▶ Work instructions:
Take nothing but the lines from the one with "Zermor, Mort-Vivant chasseur" through the one with "Decal Stiker Motor" in the entries below, both ends kept, and return them exactly with pictures left out.

───── Entries shown

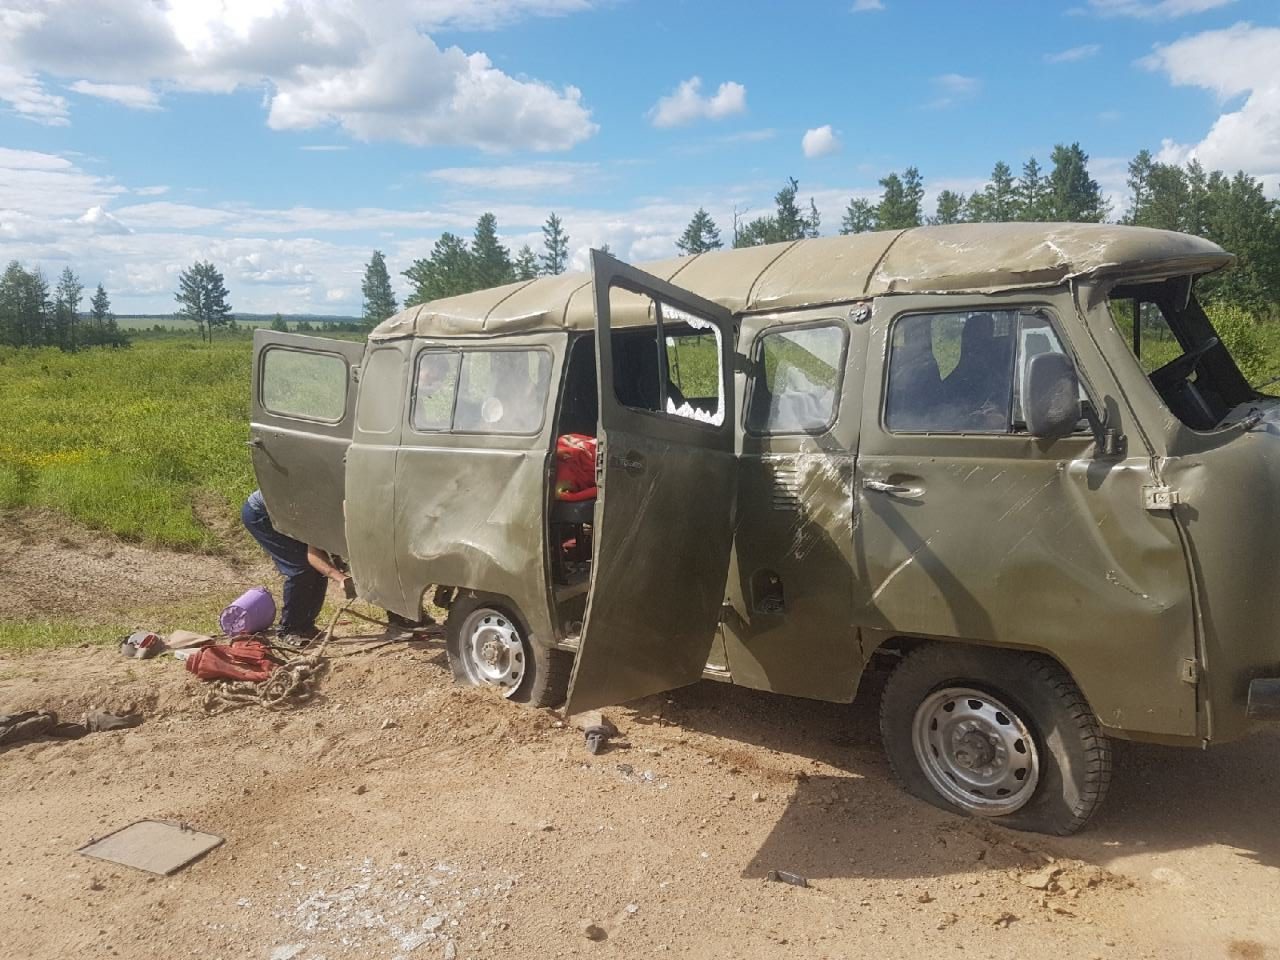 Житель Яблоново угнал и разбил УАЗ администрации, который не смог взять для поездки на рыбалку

──────────
───── Entries shown

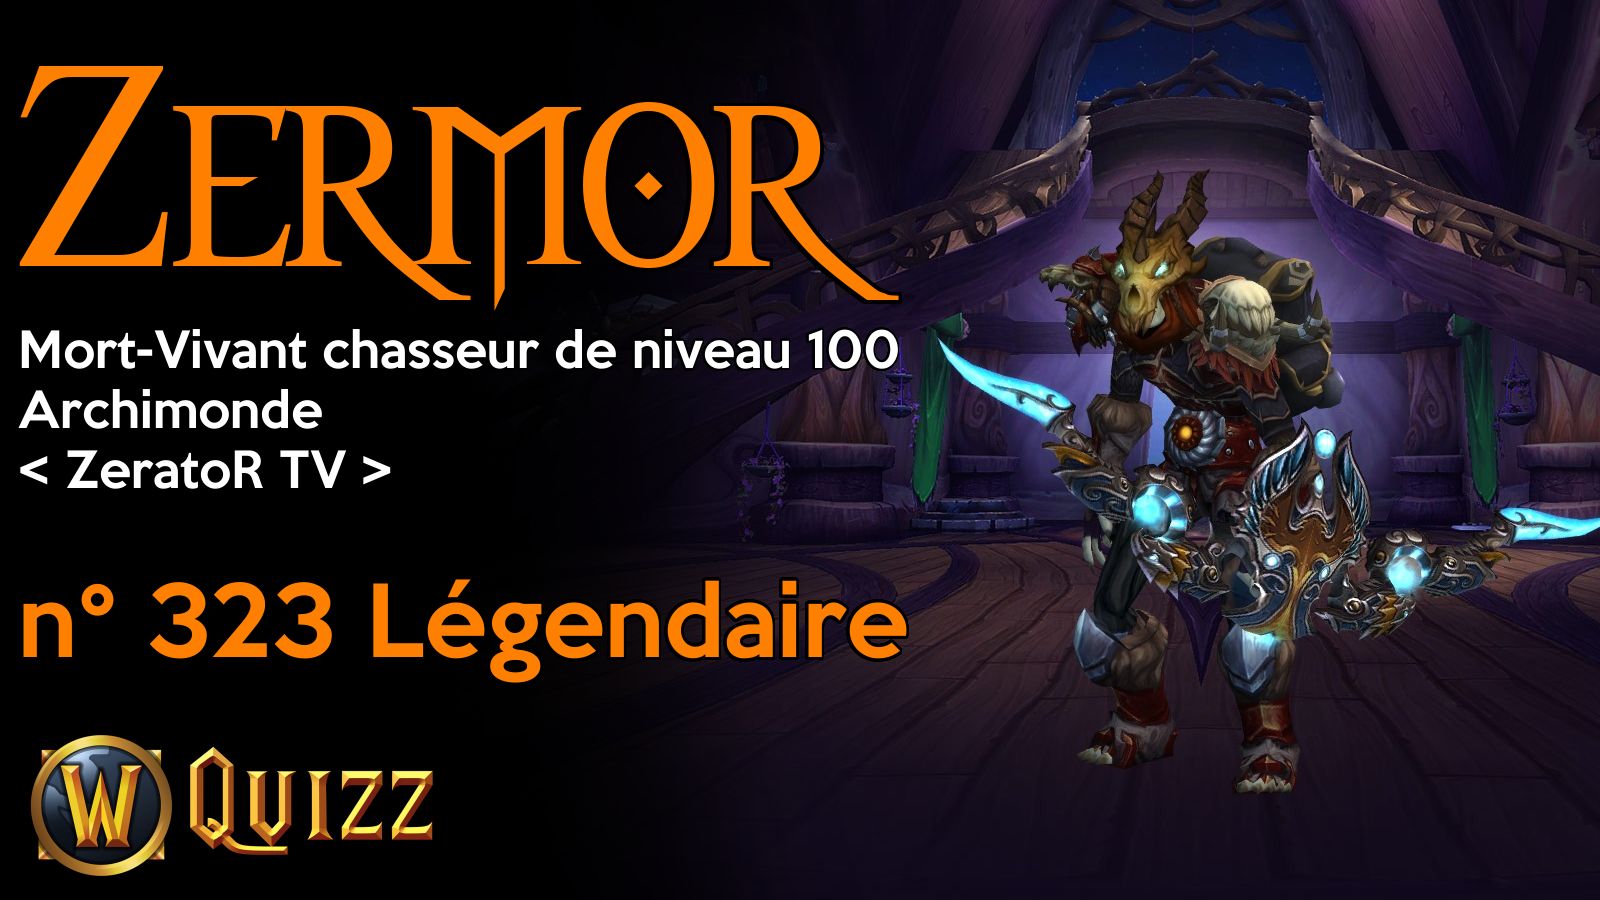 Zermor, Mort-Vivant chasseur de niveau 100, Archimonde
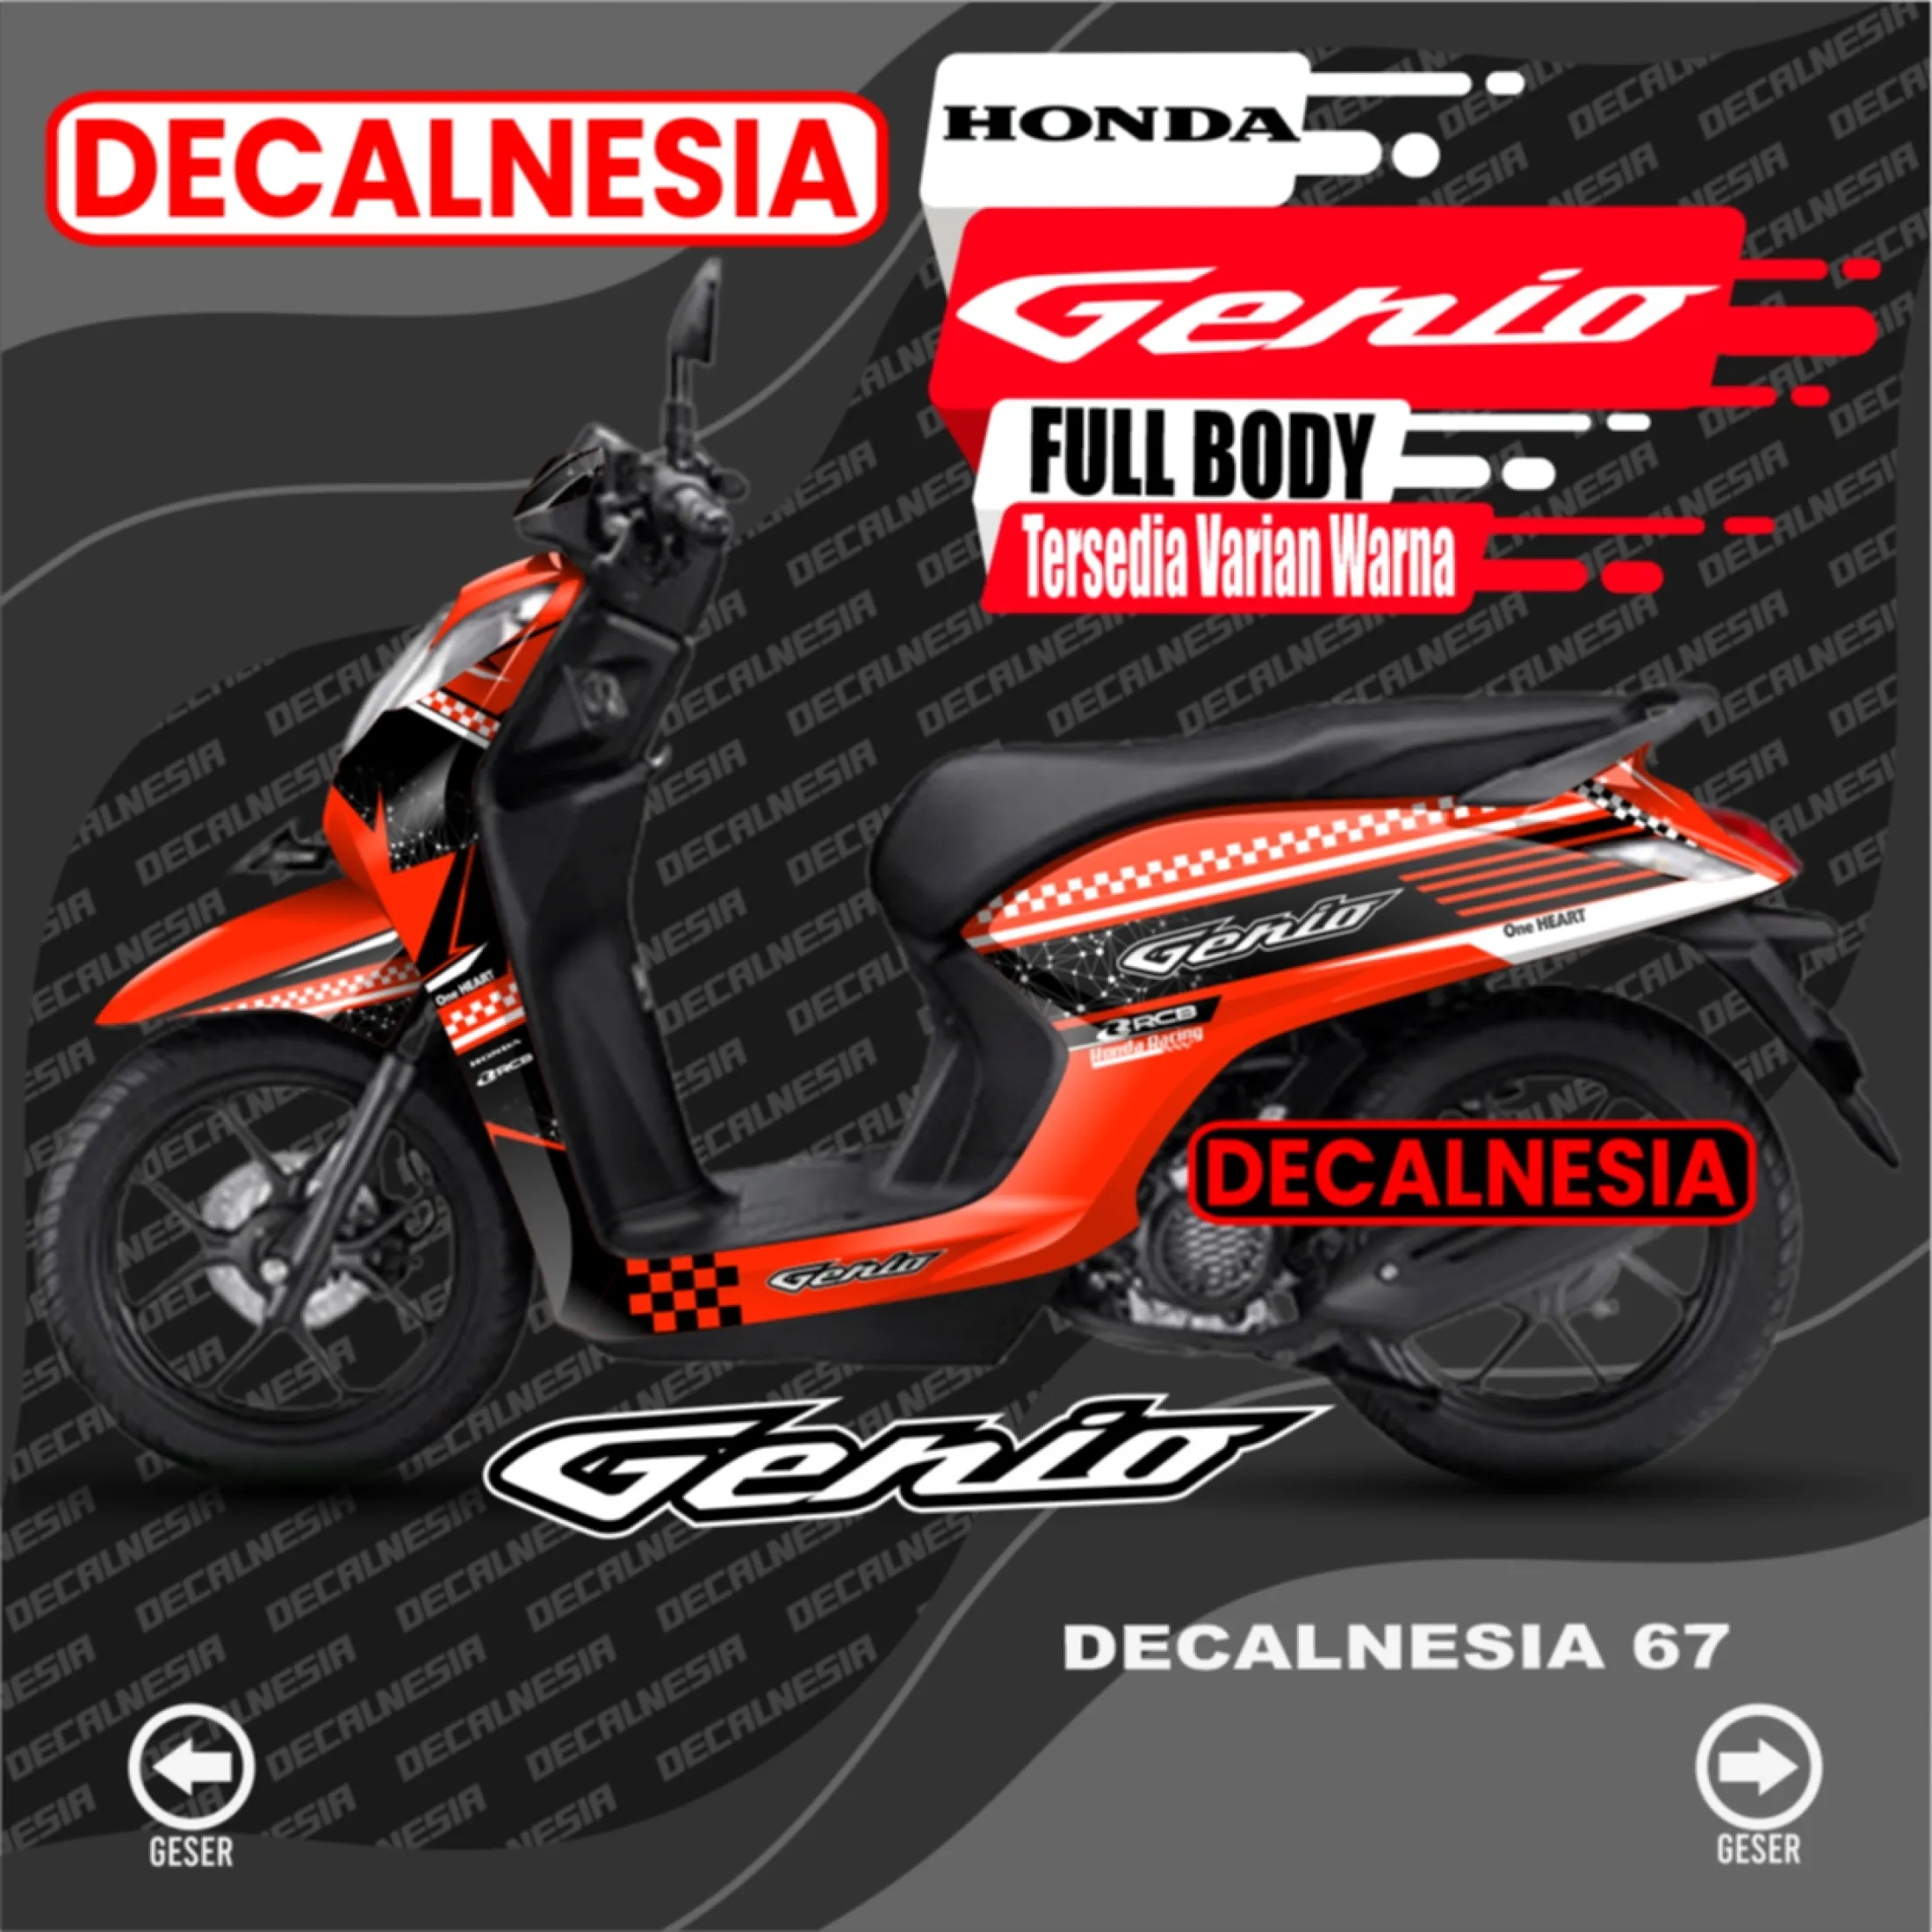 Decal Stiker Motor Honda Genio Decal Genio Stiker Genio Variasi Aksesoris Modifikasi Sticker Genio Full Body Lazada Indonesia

──────────
───── Entries shown

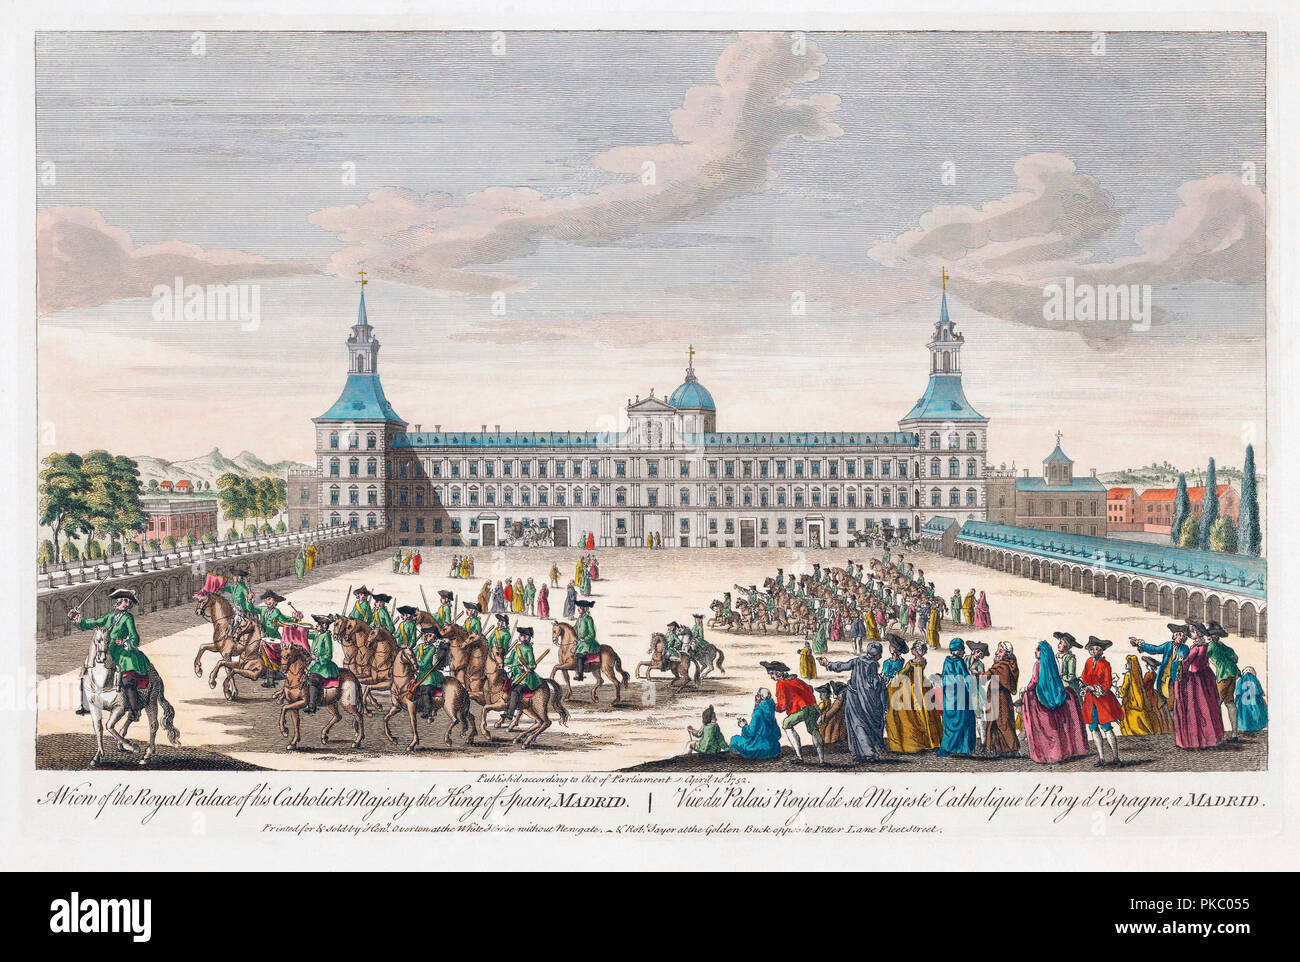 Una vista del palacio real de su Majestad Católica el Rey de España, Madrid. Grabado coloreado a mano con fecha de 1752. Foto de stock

──────────

▶ Completed task:
 Zermor, Mort-Vivant chasseur de niveau 100, Archimonde
 Decal Stiker Motor Honda Genio Decal Genio Stiker Genio Variasi Aksesoris Modifikasi Sticker Genio Full Body Lazada Indonesia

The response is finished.